タブが選択される直前に、TabSelecting イベントが発生します。イベントがキャンセルされた場合は、タブは選択されず、アクティブ化されません。それ以外の場合は、タブが選択され、タブに関連付けられたフォームがアクティブ化されます。その後、TabSelected イベントが発生します。

Note

注: ほとんどの場合、TabSelecting イベントはキャンセルできますが、新しい MDI 子フォームが作成されるときなど、アクティブ化が外部で制御されていてキャンセルできない場合もあります。

タブ グループのサイズ設定またはサイズ変更

MdiTabGroup のサイズはその Extent に基づいて決まります。ClientExtent は、SplitterWidth を除いたタブ グループの範囲です。最後のタブ グループを除くすべてのタブ グループには分割バーがあり、タブ グループのサイズ変更に使用できます。タブ グループのサイズは、Extent または ClientExtent を設定することによってプログラムから調整することもできます。また、MDI クライアント領域のサイズが変更されると、タブ グループの範囲が必ず更新されます。

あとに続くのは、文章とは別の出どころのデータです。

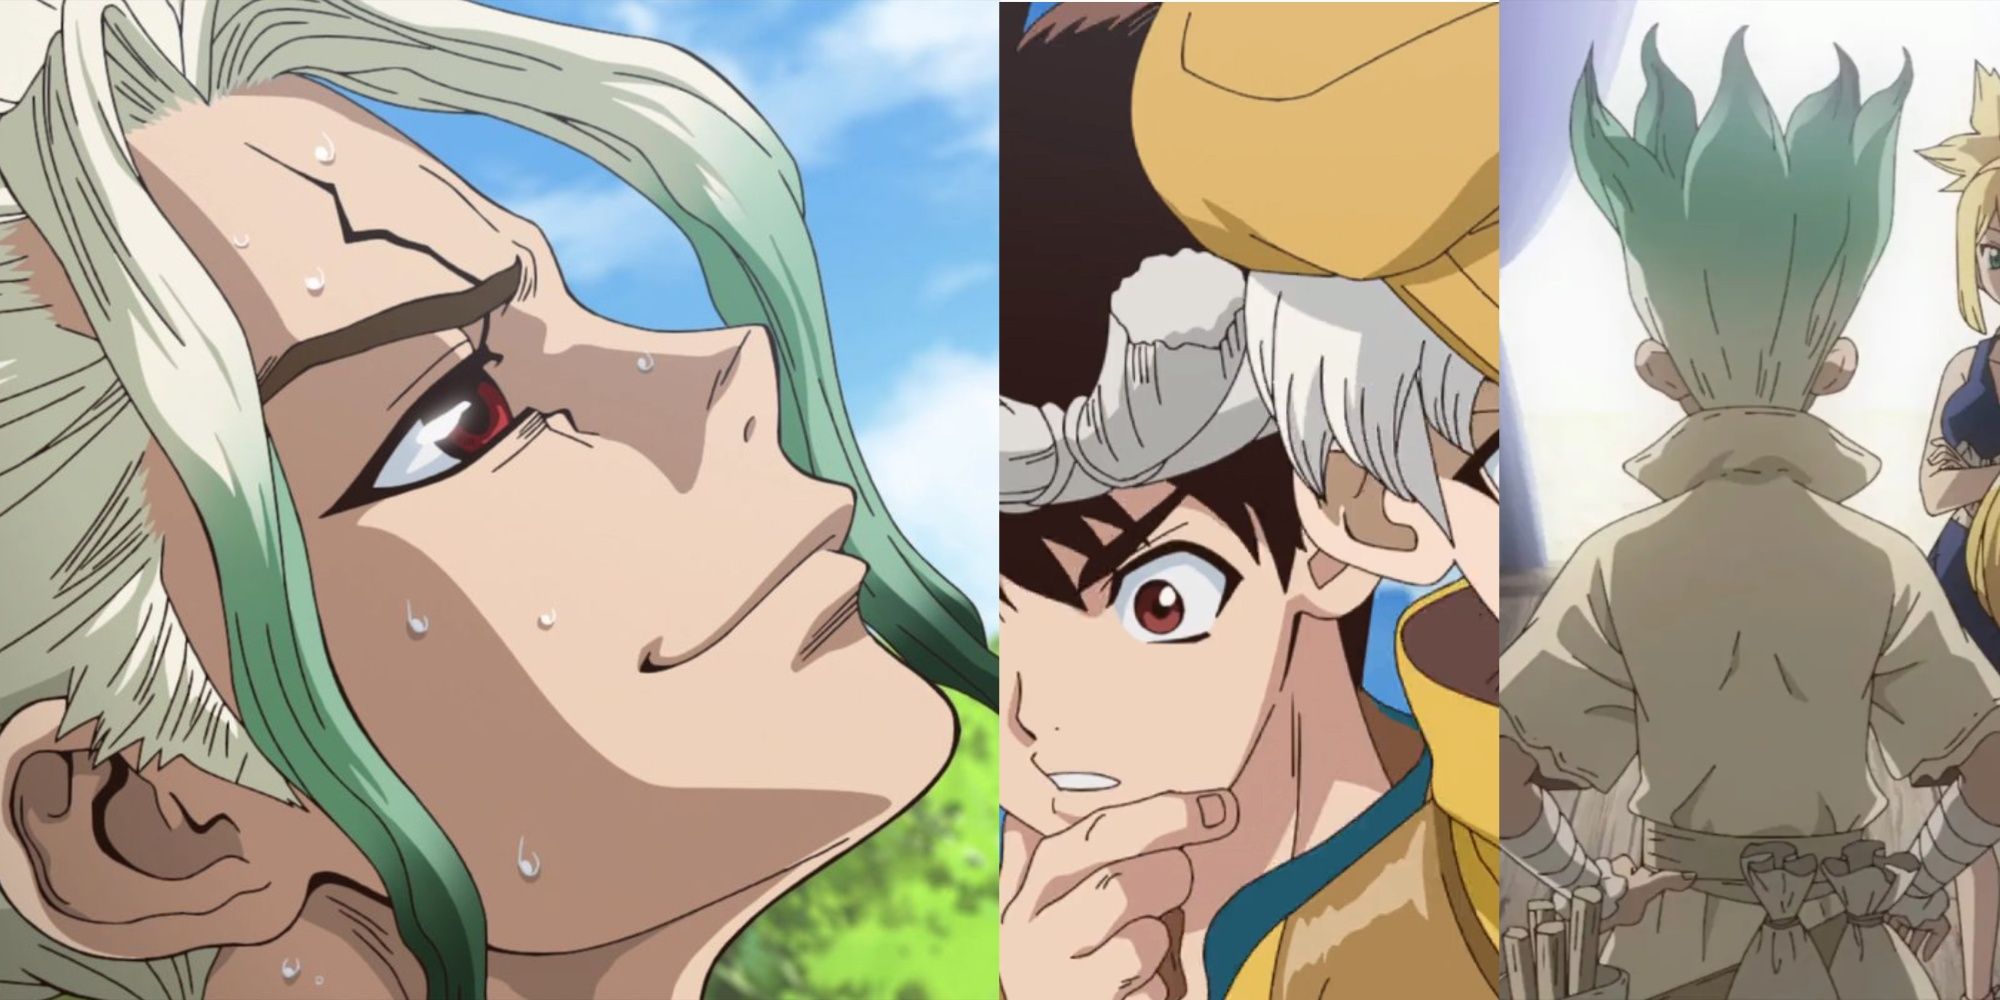 Dr. Stone 3 Episode 5 - Gallery Post - I drink and watch anime

分割バーの使用によってタブ グループのサイズが変更される直前に、SplitterDragging イベントが発生します。このイベントがキャンセルされると、ドラッグ操作は開始されません。イベントがキャンセルされなければ、ユーザーは分割バーのあるタブ グループとその後に隣接しているタブ グループとの境界で分割バーの位置を変更できます。分割バーが離されると、タブ グループの範囲が更新され、その後 SplitterDragged イベントが発生します。

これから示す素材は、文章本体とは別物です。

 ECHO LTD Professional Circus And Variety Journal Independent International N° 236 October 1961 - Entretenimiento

1 つまたは複数のタブ グループの範囲が変更されると、TabGroupResizing イベントが発生します。このイベントでは、範囲が変更されようとしているタブ グループが、新しい範囲と共に指定されます。表示が変更される前に、このイベントでタブ グループの範囲を変更することもできます。範囲の合計が MDI クライアント領域の範囲と一致しない場合は、使用可能領域を占めるように範囲が調整されます。グループのサイズ変更が完了すると、TabGroupResized イベントが発生します。

Note

注: すべてのタブグループの Extent 値の合計は、必ず MDI クライアント領域の範囲に等しくなります。タブ グループの方向が垂直に設定されている場合、範囲の値は MdiClient のクライアント領域の幅になります。タブ グループの方向が水平に設定されている場合、範囲の値は MdiClient のクライアント領域の高さになります。

タブのスクロール

表示可能な数よりも多くのタブがタブ グループの使用可能領域にあるときは、TabSizing プロパティと ScrollButtons プロパティの設定に応じて、スクロール ボタンが表示されます。表示されるスクロール ボタンは ScrollButtonTypes プロパティを使用して制御できます。スクロール ボタンが押されると、TabGroupScrolling イベントと TabGroupScrolled イベントが発生します。

タブをプログラムからスクロールするには、MdiTabGroup の Scroll メソッドを使用します。また、MdiTab オブジェクトの EnsureTabInView メソッドを使用すると、タブがタブ グループの表示可能領域に必ず表示されるようにできます。